━━━━━ Data excerpt
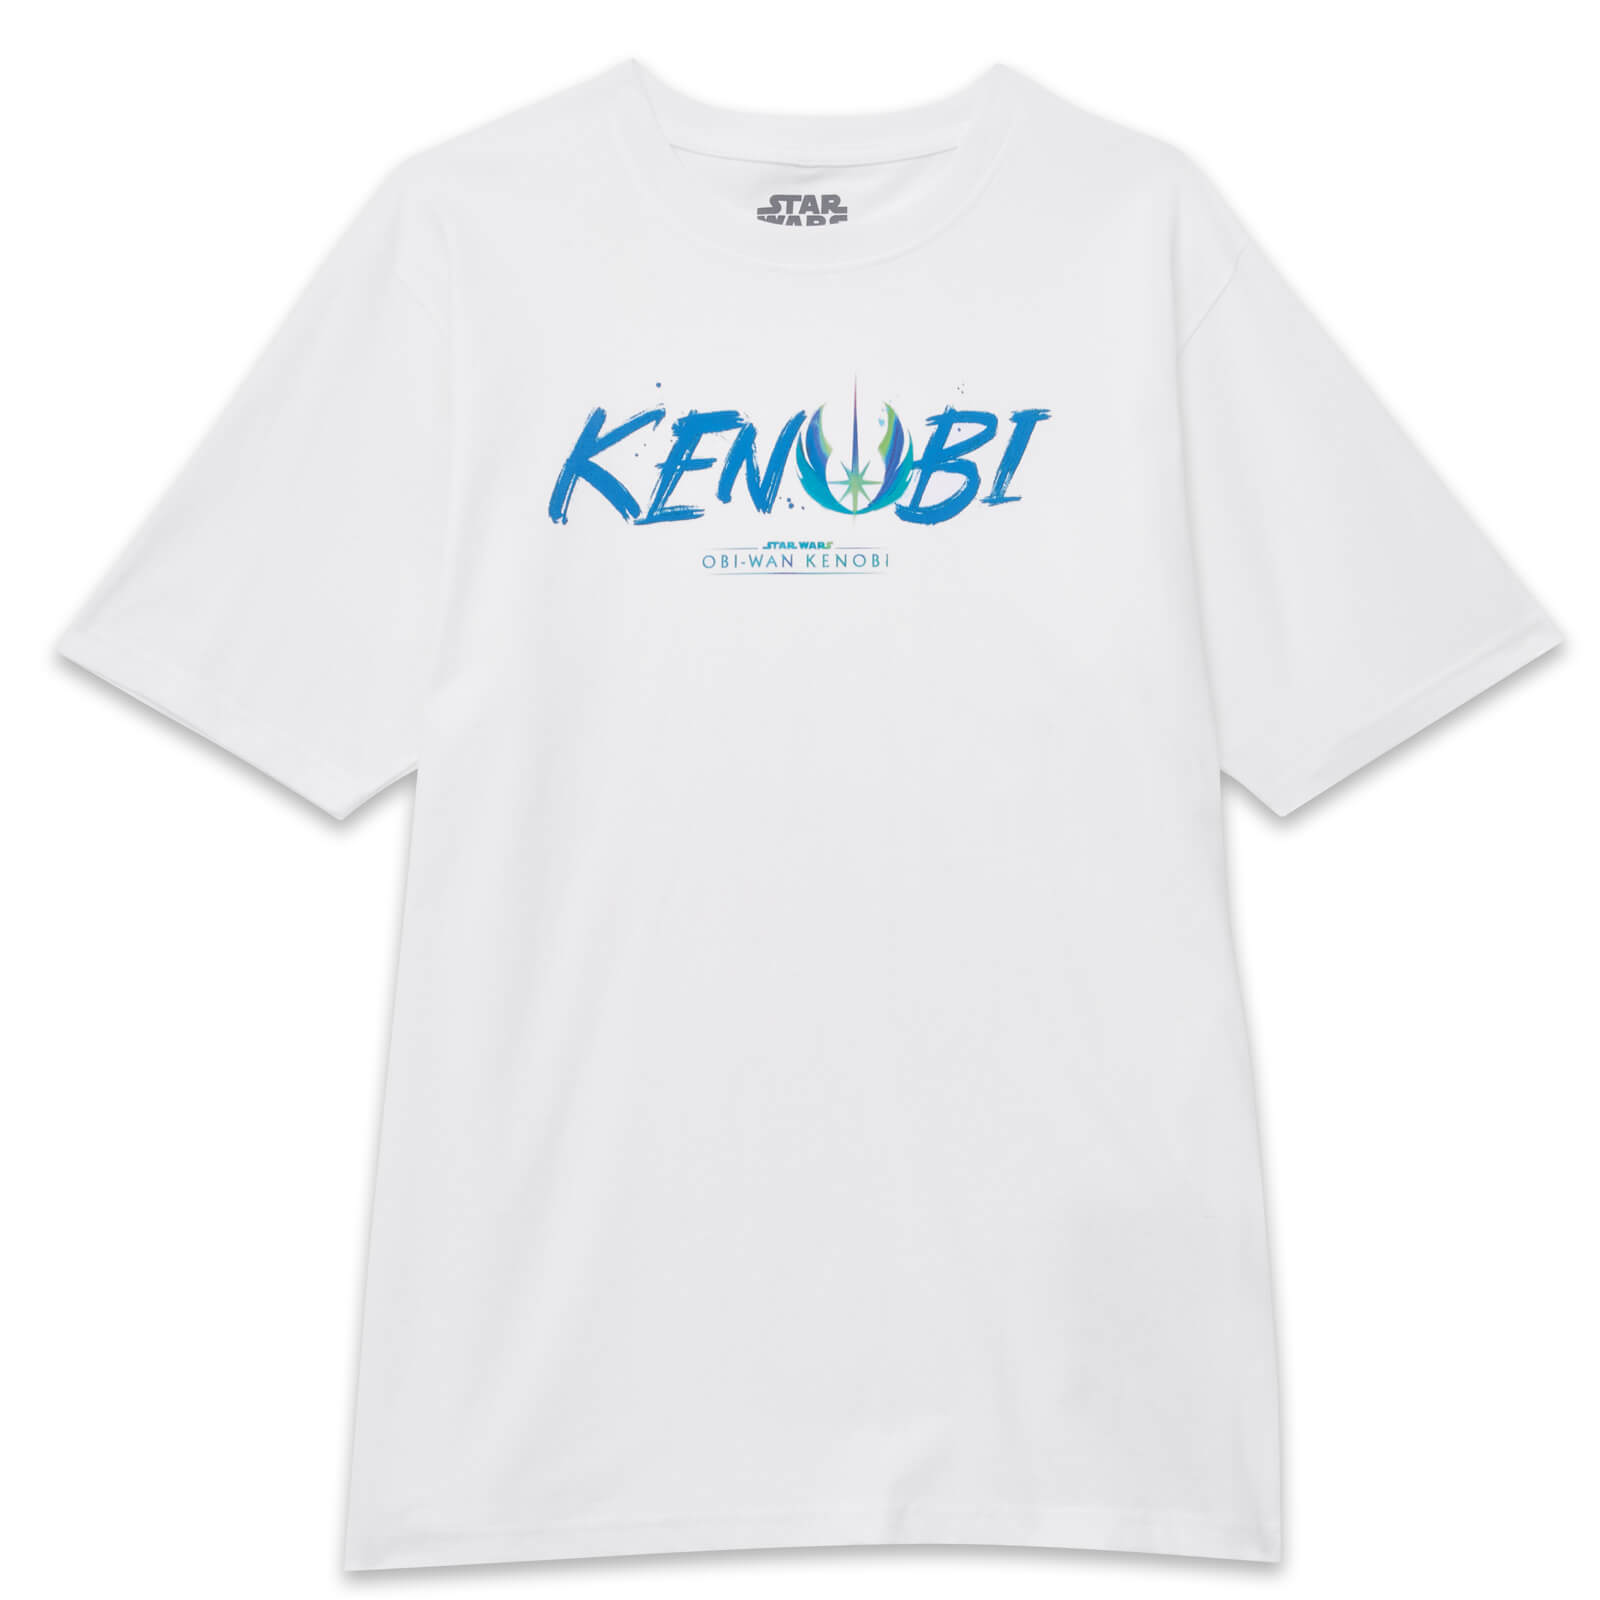 Star Wars Kenobi Painted Font Oversized Heavyweight T-Shirt - White - S
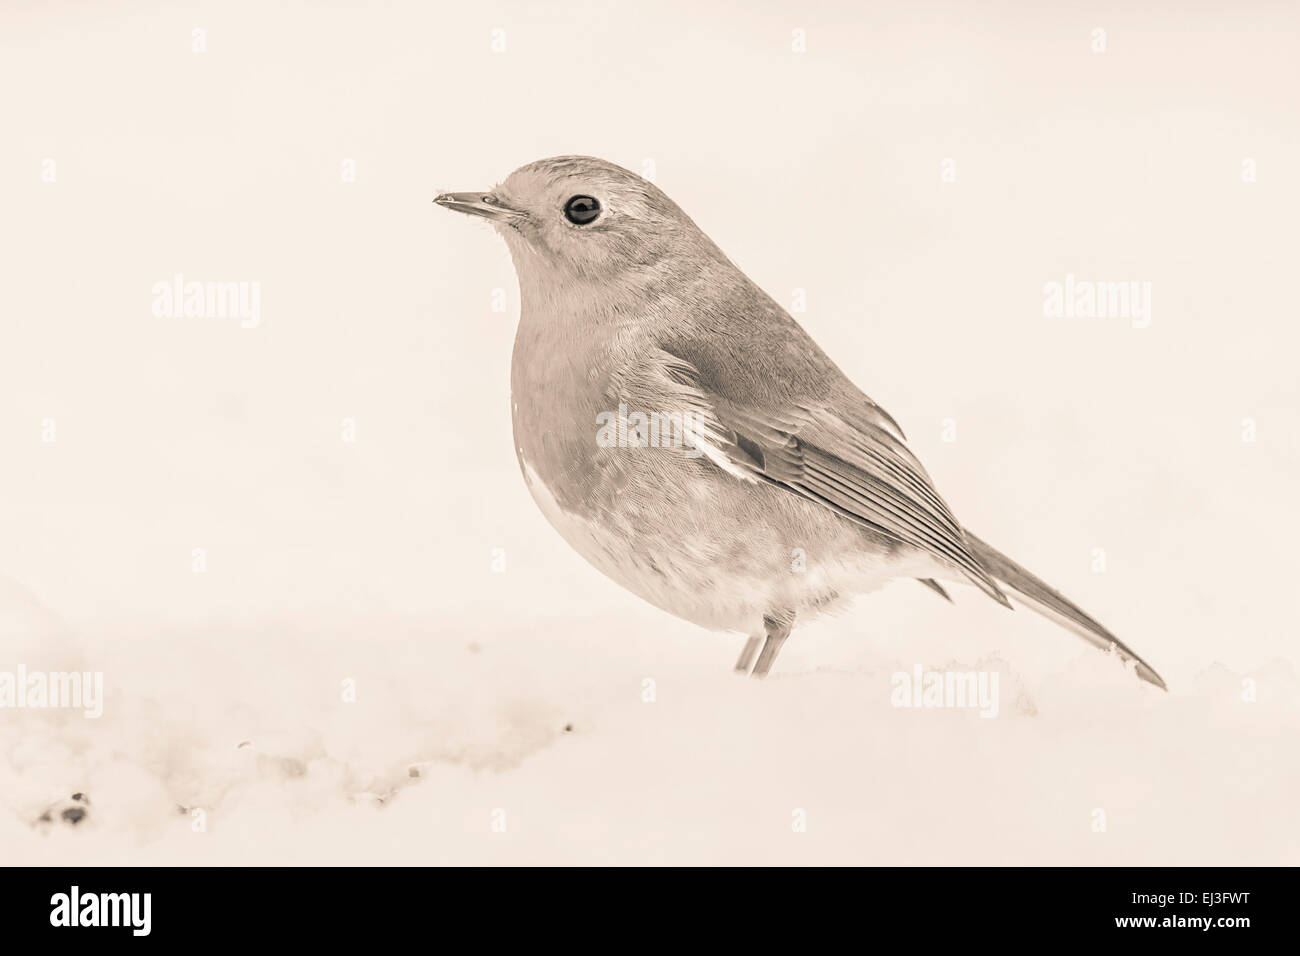 L'image monochrome légèrement teinté de Robin bird dans la neige avec effet vintage duo tone Banque D'Images
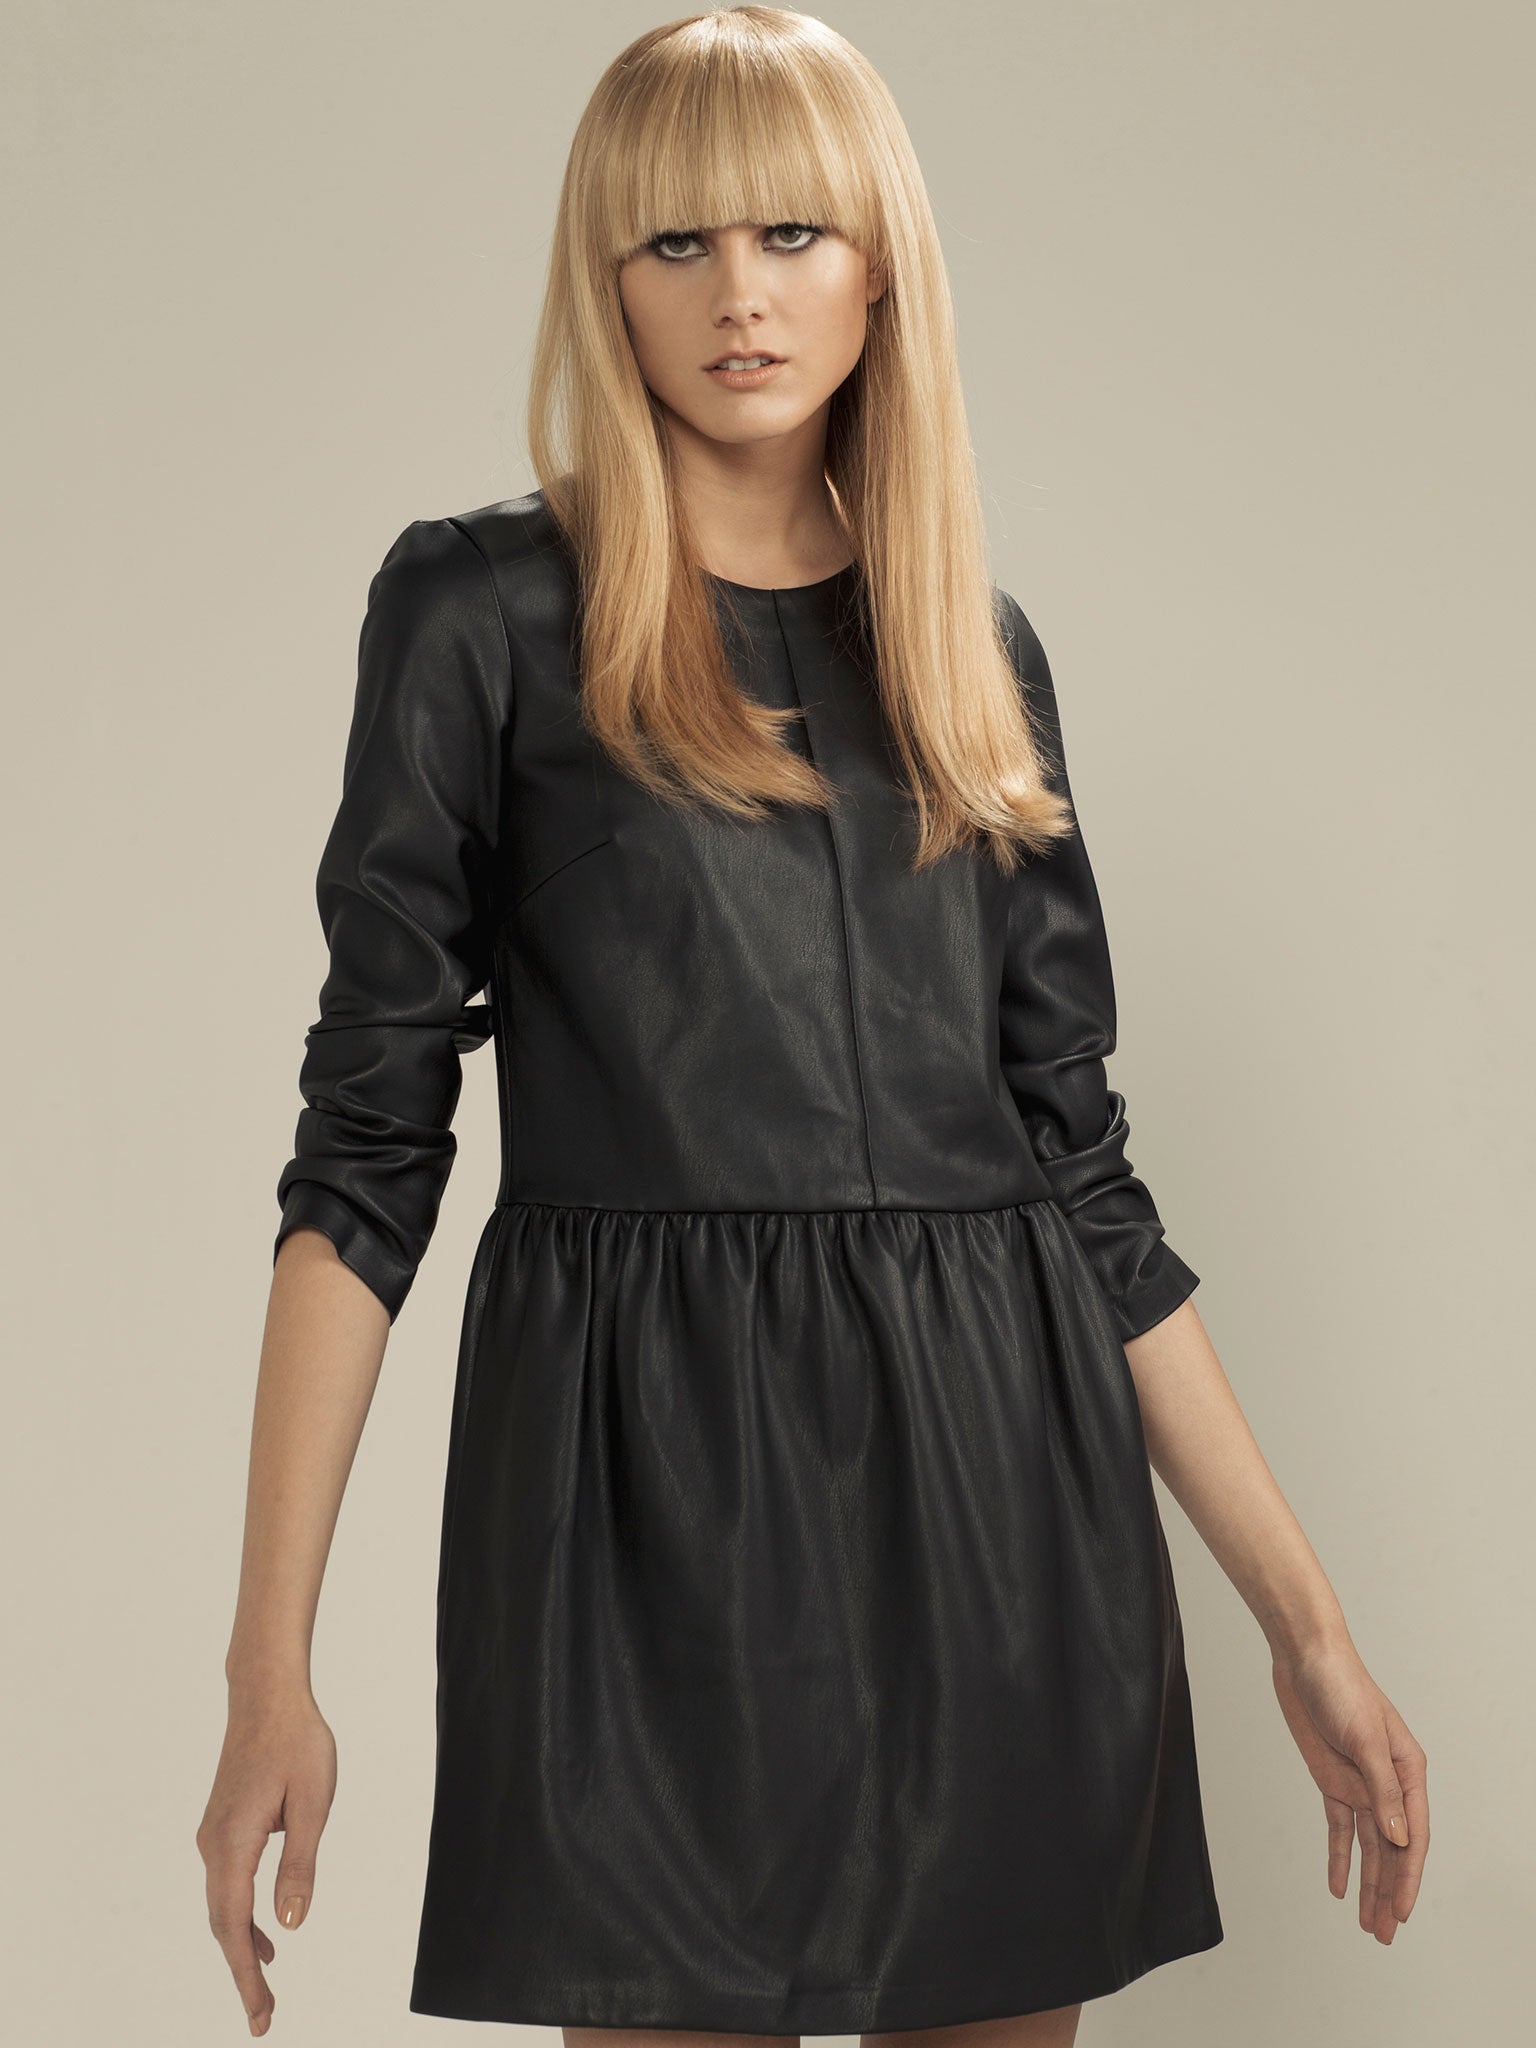 Faux leather dress, £26, zara.com
━━━━━━━━━━
What is needed: Only the lines from the one with "L'image monochrome légèrement" through the end of the data, both ends included, should be written out exactly, and no pictures should appear.

Exercise answer:
 L'image monochrome légèrement teinté de Robin bird dans la neige avec effet vintage duo tone Banque D'Images
 Faux leather dress, £26, zara.com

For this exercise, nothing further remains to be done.